▶ **Given information**:

----------

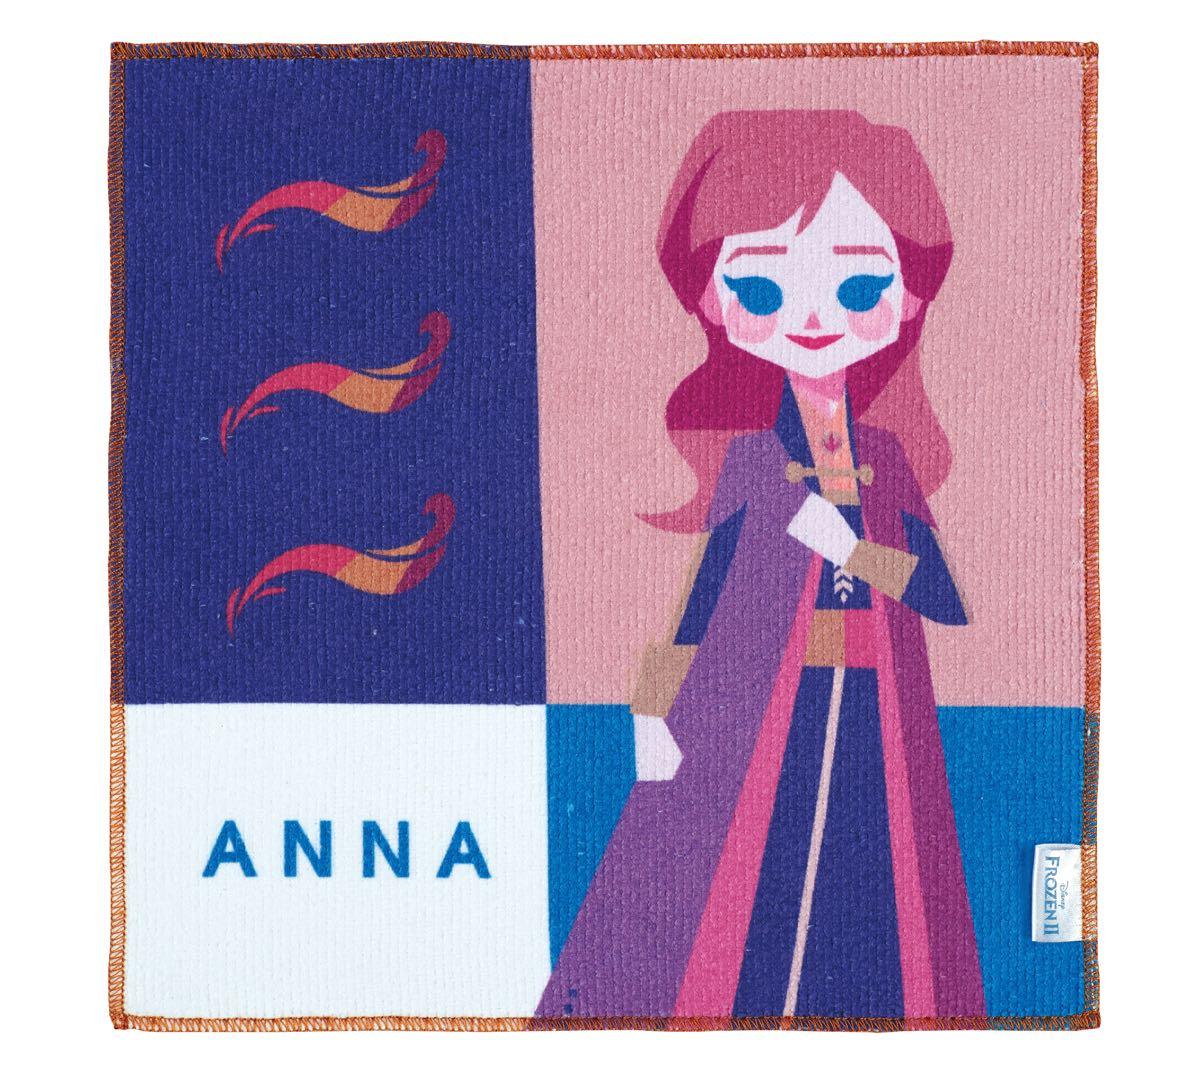 アナと雪の女王2 フローズンメモリーズタオルコレクション アナ
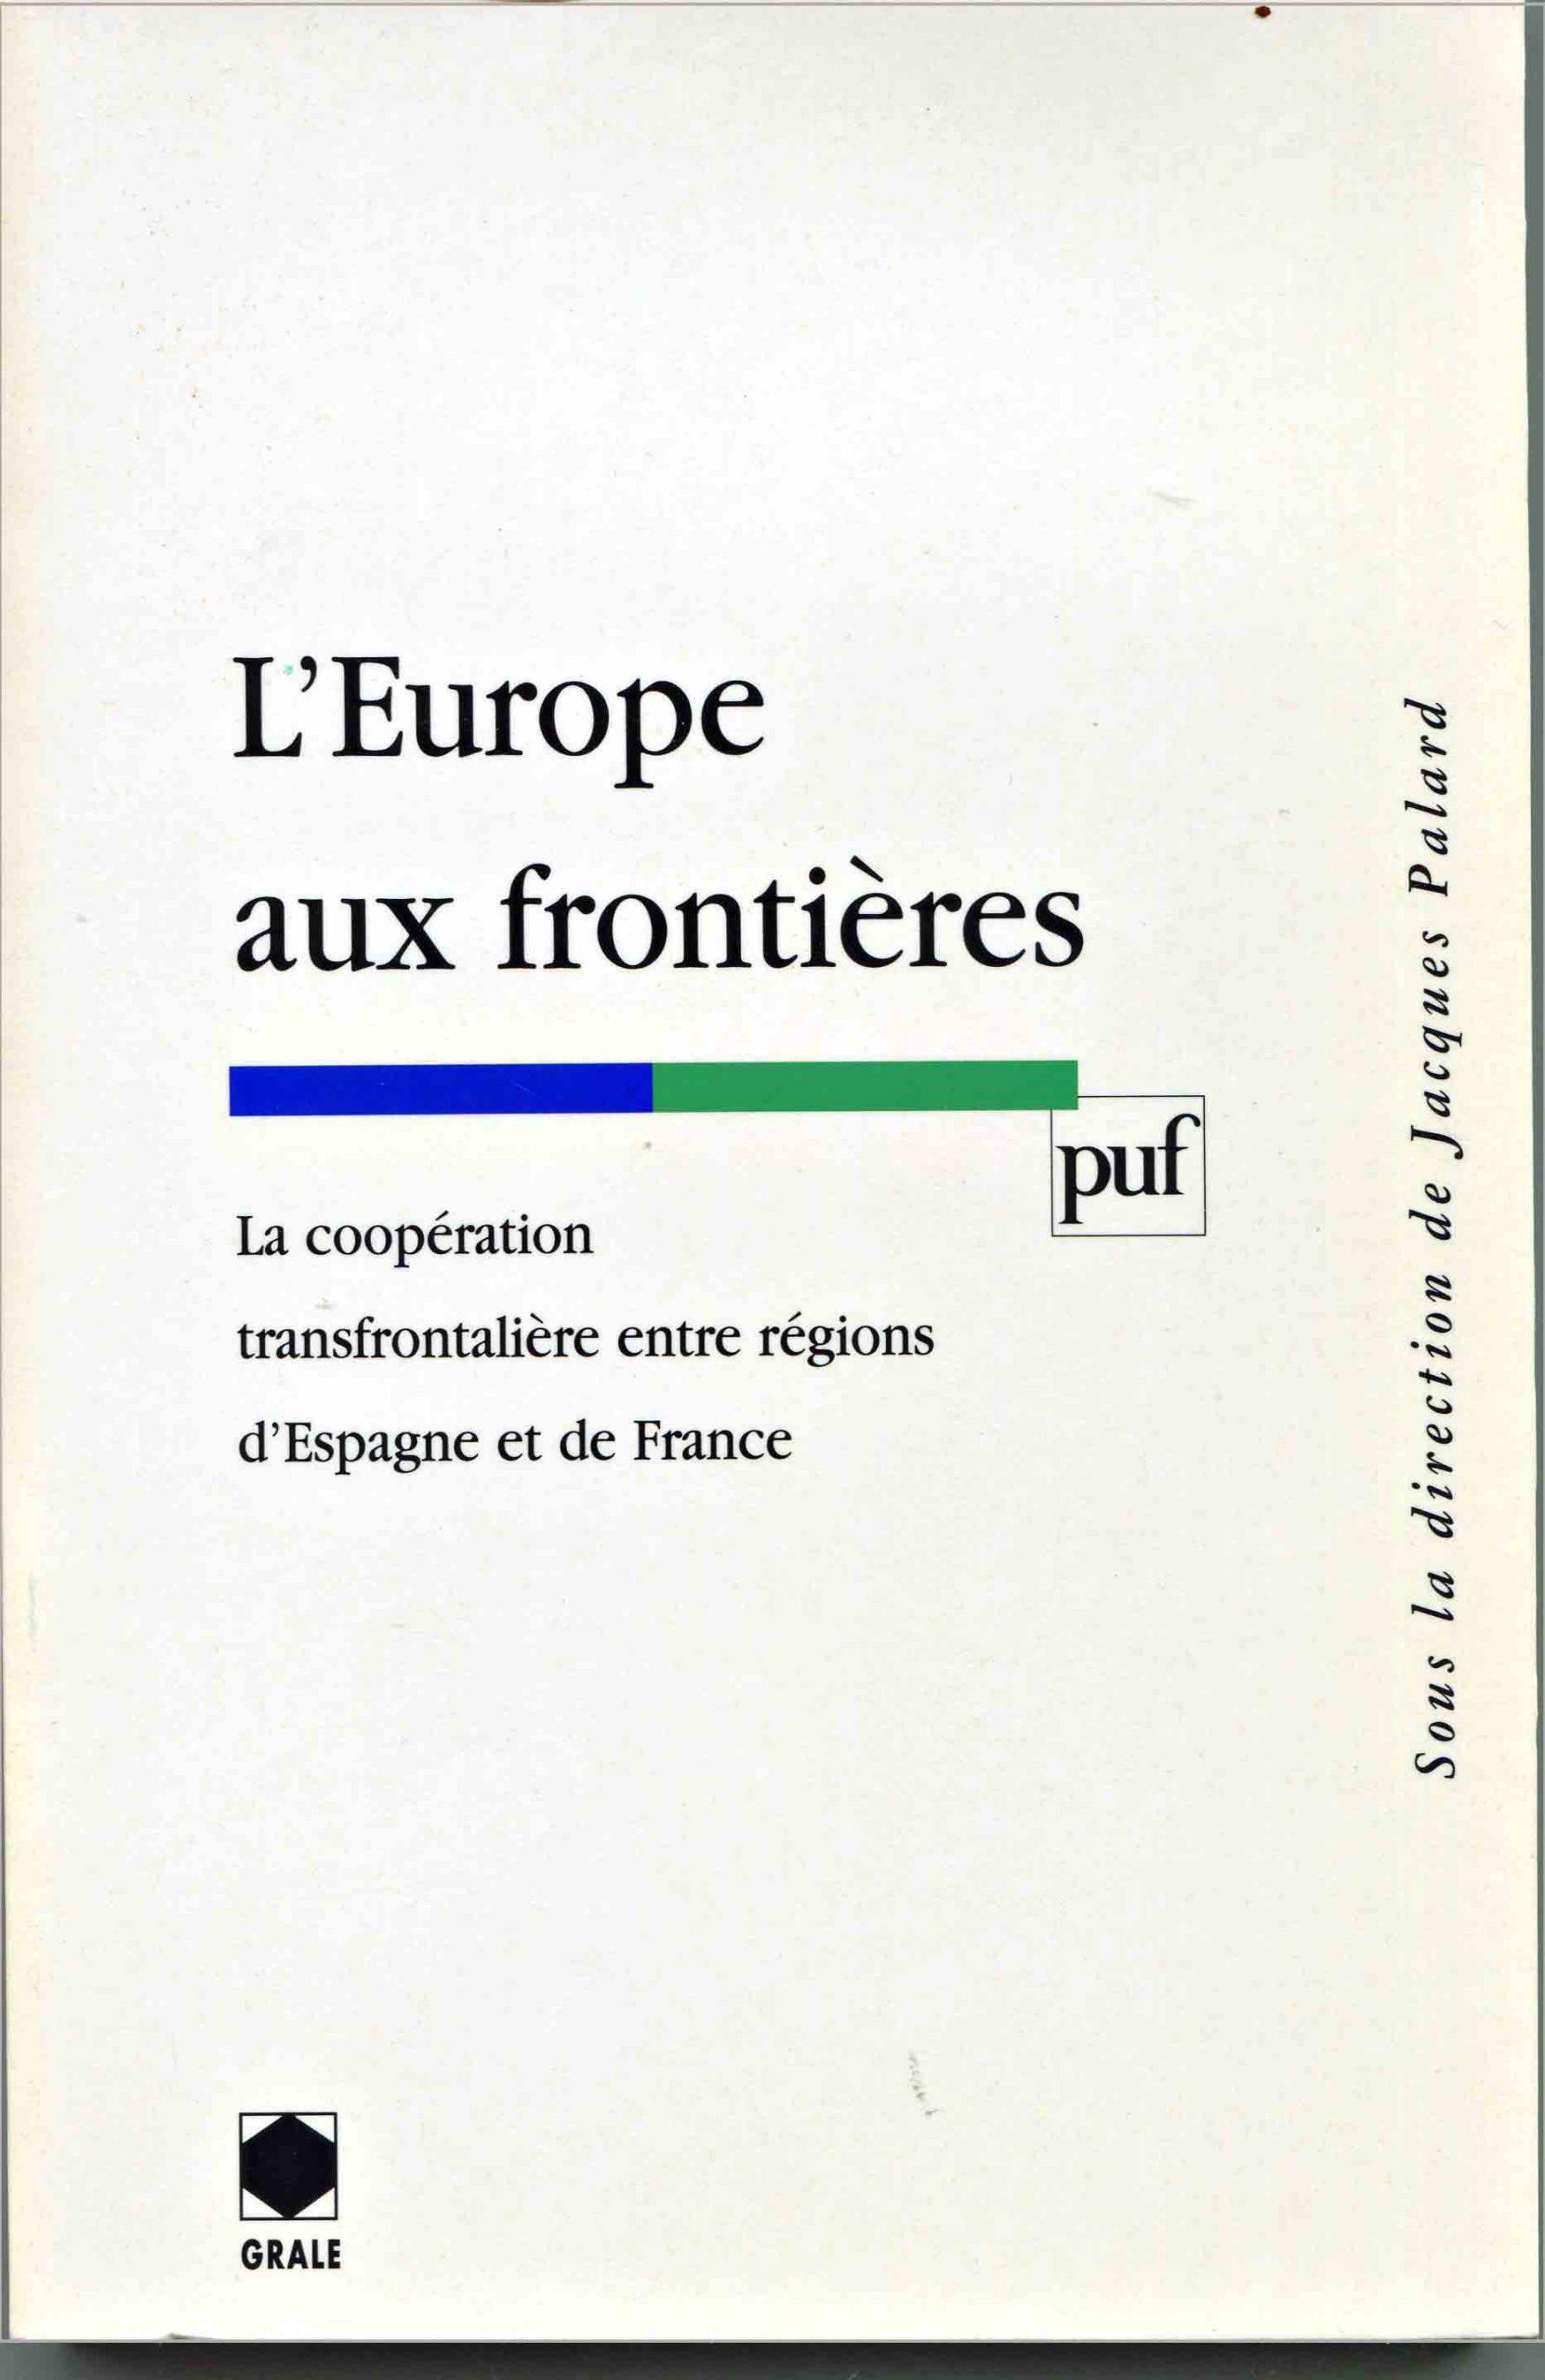 Europe aux frontières (L'). La coopération transfrontalière entre régions d'Espagne et de France
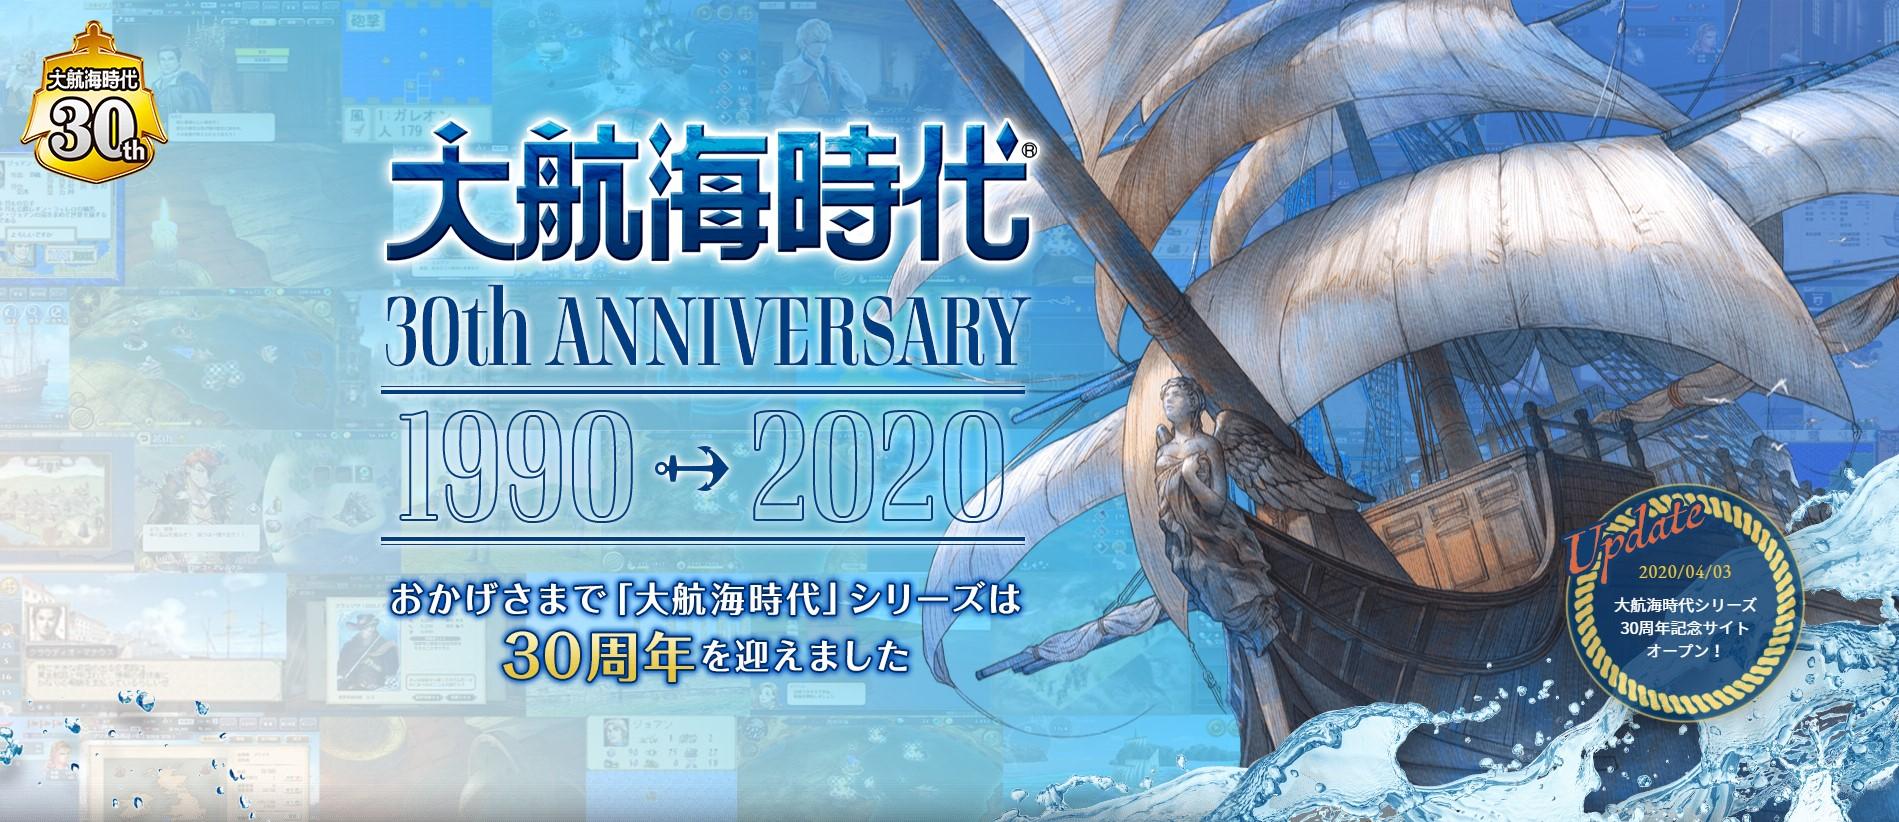 扬帆远航30年 《大航海时代》30周年纪念网站上线
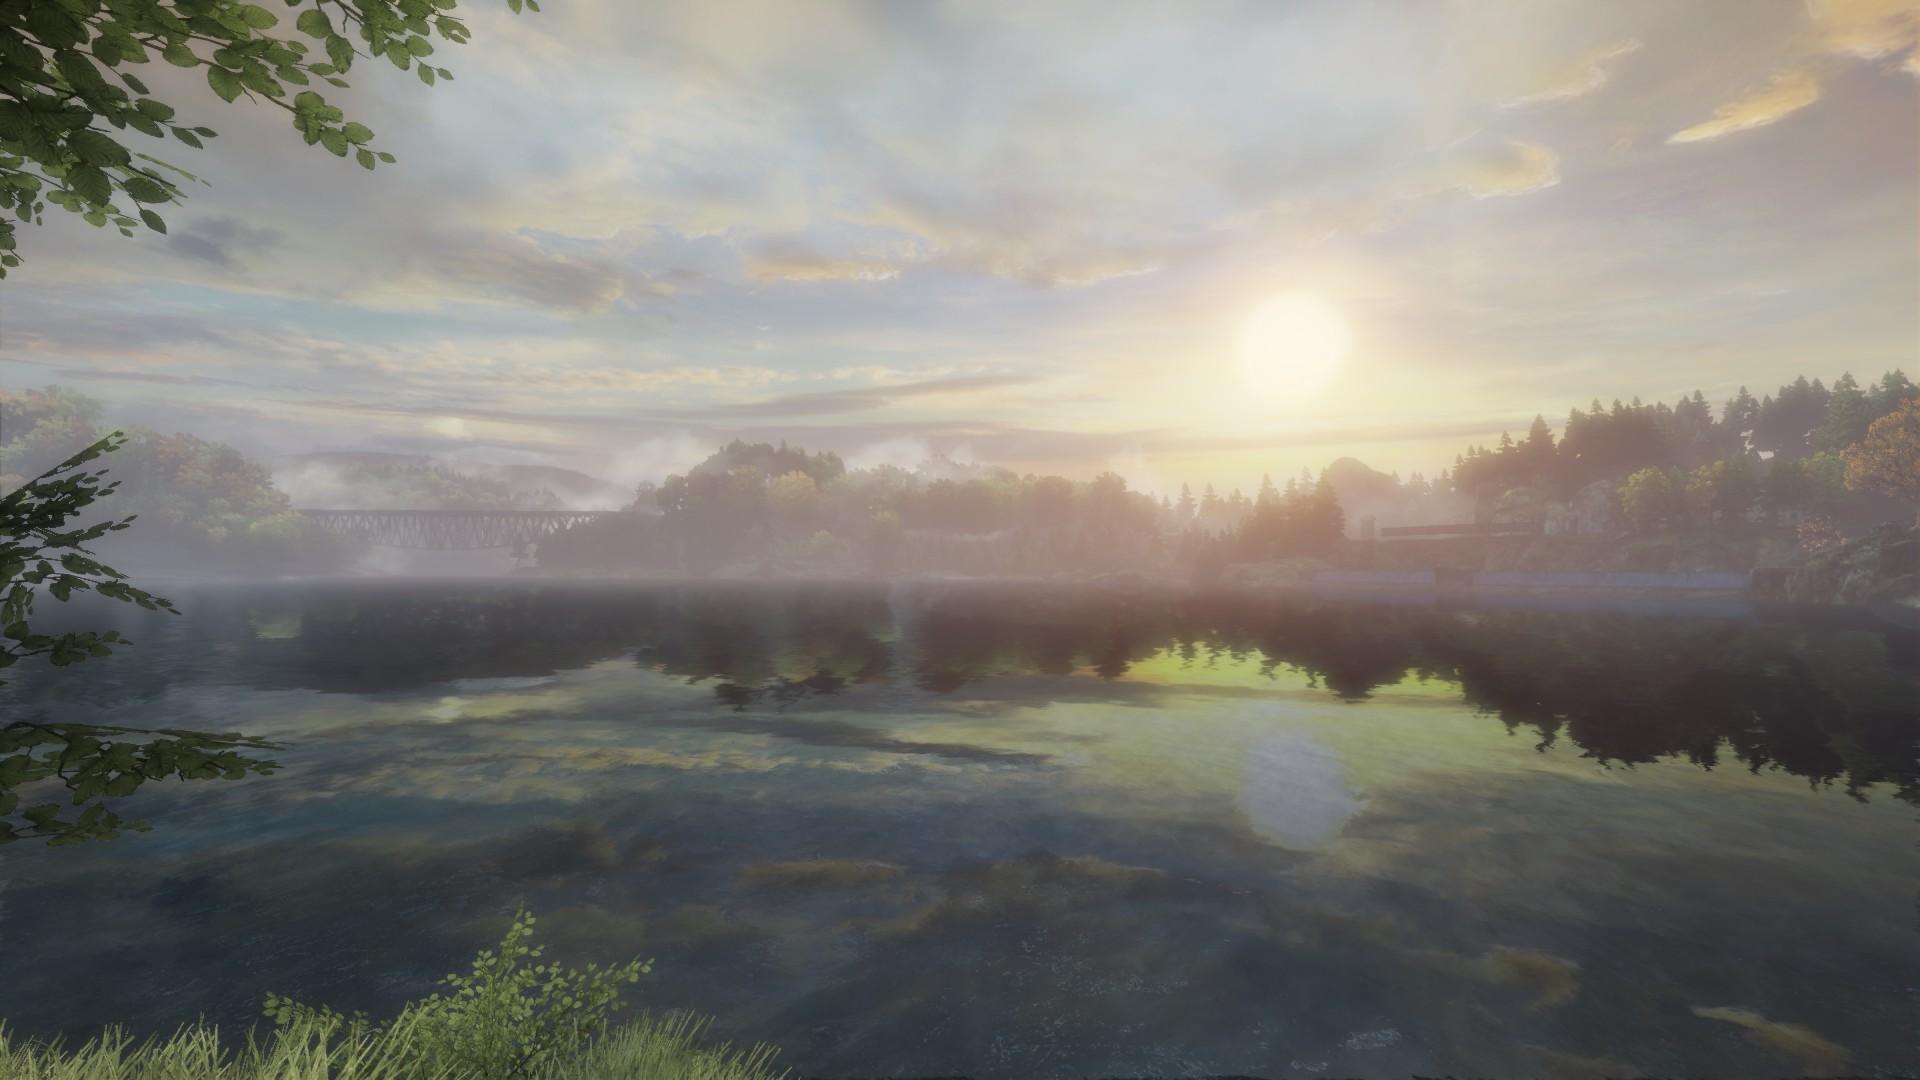 The-Vanishing-of-Ethan-Carter-scenery

----------

Leaving images out, please output every line of the data exactly.

 アナと雪の女王2 フローズンメモリーズタオルコレクション アナ
 Europe aux frontières (L'). La coopération transfrontalière entre régions d'Espagne et de France
 扬帆远航30年 《大航海时代》30周年纪念网站上线
 The-Vanishing-of-Ethan-Carter-scenery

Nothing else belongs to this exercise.